2. Materials and Methods

2.1. System-Analytical Method FCAZ

The system-analytical method FCAZ (formalized clustering and zoning) was created in 2012–2016 at the Geophysical Center of the Russian Academy of Sciences [31,33,34,35,36,37,38,39,40,41] (and others). Some ideas of the mathematical construction of the method can be observed in earlier publications [42,43,44]. The basic idea of the FCAZ study is the topological filtrational clustering of the seismic catalog—a finite set W of epicenters of known earthquakes in the studied region. As already noted, FCAZ makes it possible to efficiently recognize areas prone to the strongest, strong, and significant earthquakes [29].

The FCAZ system represents a sequential application of 2 algorithms: DPS (discrete perfect sets) [31,32,33,37,45,46] and E²XT [31,34]. In a finite set W of the Euclidean space, DPS selects regions with a given density level α. The output is a set of points that is α-dense in each of its elements. The task of the DPS algorithm is to construct such a set W(α) that its density is not less than the level α at all its points. The DPS algorithm, in particular, is effective in the current task because it “attracts” recognition objects (earthquake epicenters) into dense clusters, leaving no isolated points [35].

At the next, second stage of FCAZ recognition, the E²XT algorithm formalizes and implements the construction of a unique mapping of discrete DPS clusters into flat zones of nonzero measure, inside and at the boundaries of which earthquakes with a magnitude M ≥ M₀ can occur [31]. Here M₀ is a given magnitude threshold, which depends on the seismic regime of the considered region [29] and determines which earthquakes we consider strong.

The algorithms that form FCAZ have a number of input parameters: DPS-q < 0 to calculate the localization radius and the maximum density level β ∈ [−1, 1] to determine the required density level of DPS clusters α(β); E²XT-v < 0 and w < 0 to calculate the scannability of DPS clusters and the connectivity of calculated flat high seismicity zones [33]. Another parameter for DPS is the number of iterations of applying the algorithm in one task. In 2016, the DPS and E²XT algorithms were equipped with artificial intelligence blocks [31]. The latter allows it to automatically choose the optimal values of the free parameters. This makes the result of FCAZ recognition more objective and reproducible [34].
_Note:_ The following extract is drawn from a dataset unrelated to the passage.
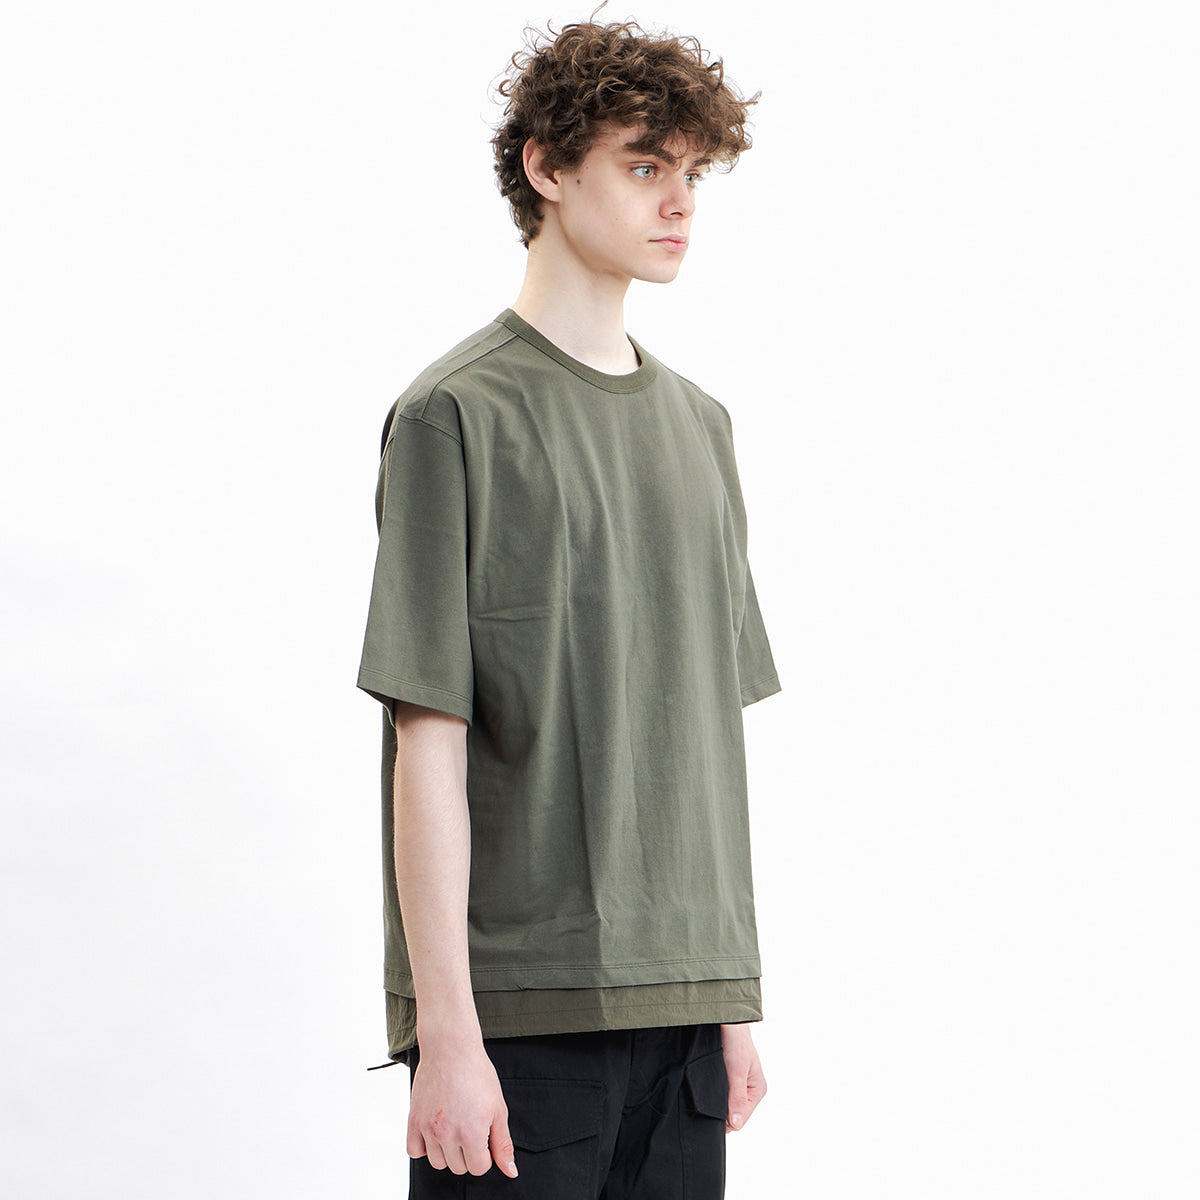 EASTLOGUE 2021SSCS03 FISHTAIL T-SHIRT - OLIVE

Previously, using the FCAZ method, earthquake-prone area recognition in the following seismically hazardous regions of the world was successfully performed:

• The mountain belt of the Andes of South America (M₀ = 7.75) [31,34];
• Pacific coast of the Kamchatka Peninsula (M₀ = 7.75) [34,35,36] and the Kuril Islands (M₀ = 7.75);
• California (M₀ = 6.5) [34,36,37];
• Cisbaikalia–Transbaikalia (M₀ = 5.5; M₀ = 5.75, M₀ = 6.0) [34,39];
• Altai-Sayan (M₀ = 5.5) [34,40];
• Caucasus (M₀ = 5.0) [31,33,34,37,38];
• Crimean Peninsula and northwestern Caucasus (M₀ = 4.5; M₀ = 5.0) [34,41].
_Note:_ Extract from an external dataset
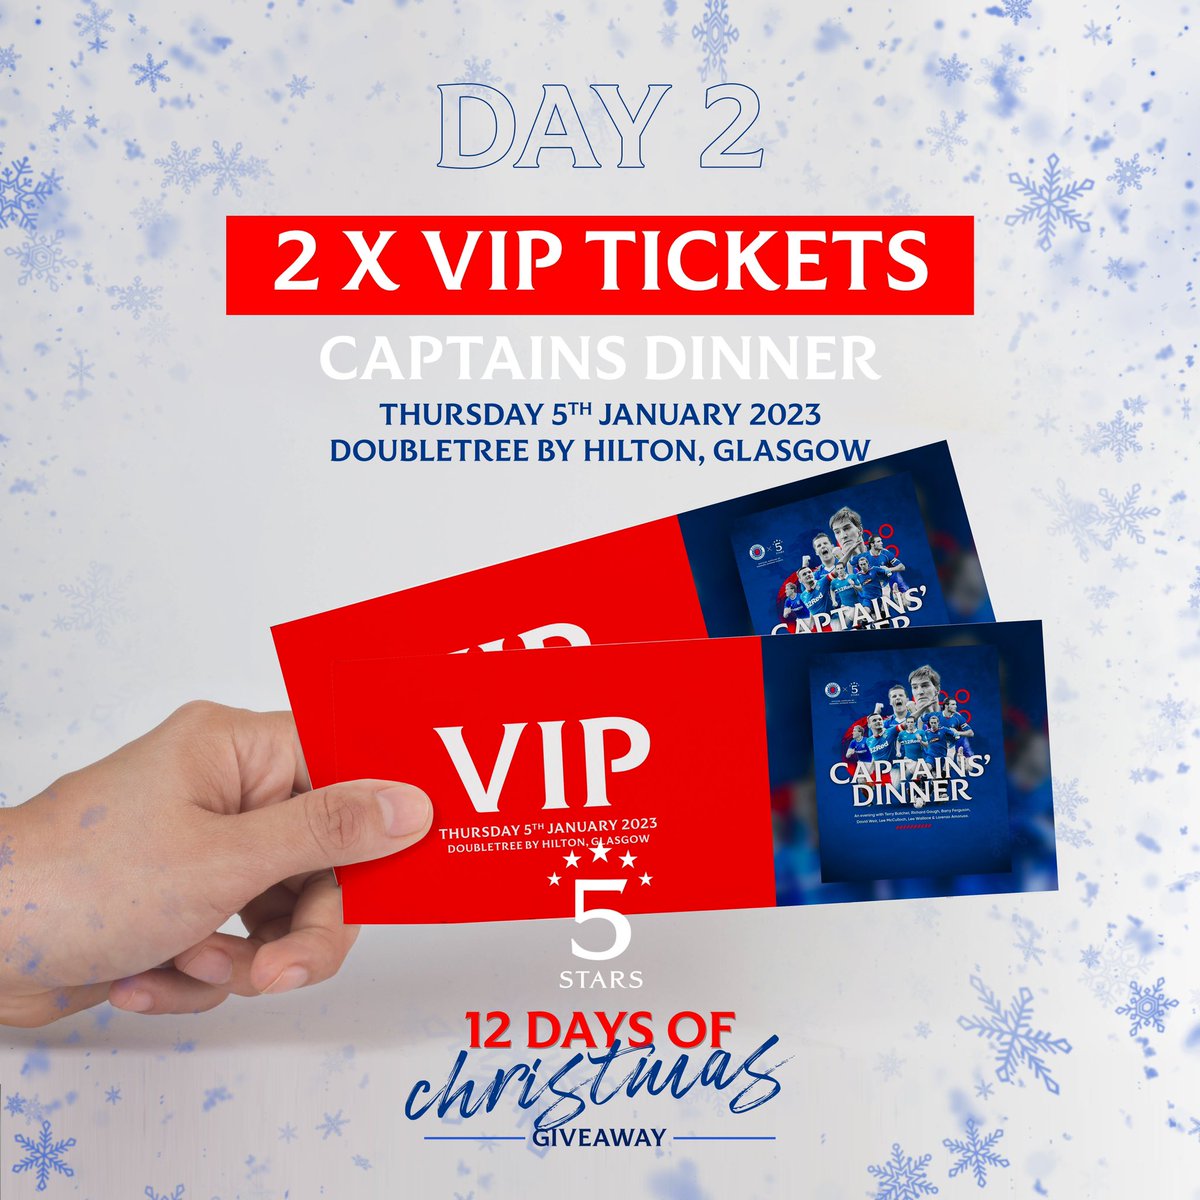 🔴⚪️🔵 12 Days of Christmas Giveaway - Day 2 🔴⚪️⚪️ We’re giving you the chance to #Win 2 VIP Tickets to the Captains Dinner at Doubletree by Hilton on Thursday 5th January. All you have to do: 🔴 Like this post ⚪️ Tag 2 friends in the comments 🔵 Retweet

In these regions, the reliability of the FCAZ results was assessed using control experiments of the “seismic history” type [29]. Naturally, the recognized high seismicity zones were also compared with the location of the actual epicenters of the strongest, strong, and significant earthquakes that occurred after the end of the catalog used for recognition [31]. Thus, in each of the 8 regions noted above, a high degree of reliability of FCAZ recognition was substantiated [34].

A detailed description of the mathematical and algorithmic construction of the FCAZ method and the results obtained earlier with its help is given in [31,33,34].

2.2. Earthquake Catalog of the Eastern Sector of the Arctic Zone of the Russian Federation

The basis for the recognition of potential high seismicity zones by the FCAZ method is the most complete earthquake catalog of the studied region. In this paper, epicenters from the original, integrated earthquake catalog of the eastern sector of the Arctic zone of the Russian Federation are used as recognition objects. The catalog contains information on 23,254 seismic events for the period 1962–2020 [16]. It was created by the system analysis method as a result of a formalized combination of earthquake data from the regional catalogs of the Geophysical Survey of the Russian Academy of Sciences (GS RAS, http://www.gsras.ru/new/eng/catalog/, accessed on 1 October 2022) and the International Seismological Center (ISC, http://www.isc.ac.uk/, accessed on 1 October 2022).

Different seismic agencies can both register and skip events. This happens due to network configurations, the specifics of processing methods, as well as the procedures for transferring information to data centers. When catalogs are merged, the problem of identifying and removing the resulting duplicates naturally arises. The problem is complicated by the need to distinguish duplicates from aftershocks [47] since the latter are also events close in space and time. The problem of merging these catalogs was solved using the author’s technique [48]. It is based on a modification of the nearest neighbor method [49,50] for the recognition of duplicates. Namely, correspondence is built for events from two catalogs, after which earthquakes are classified into unique and duplicates using the Euclidean metric. Consistent application of the technique makes it possible to combine any number of earthquake catalogs [48].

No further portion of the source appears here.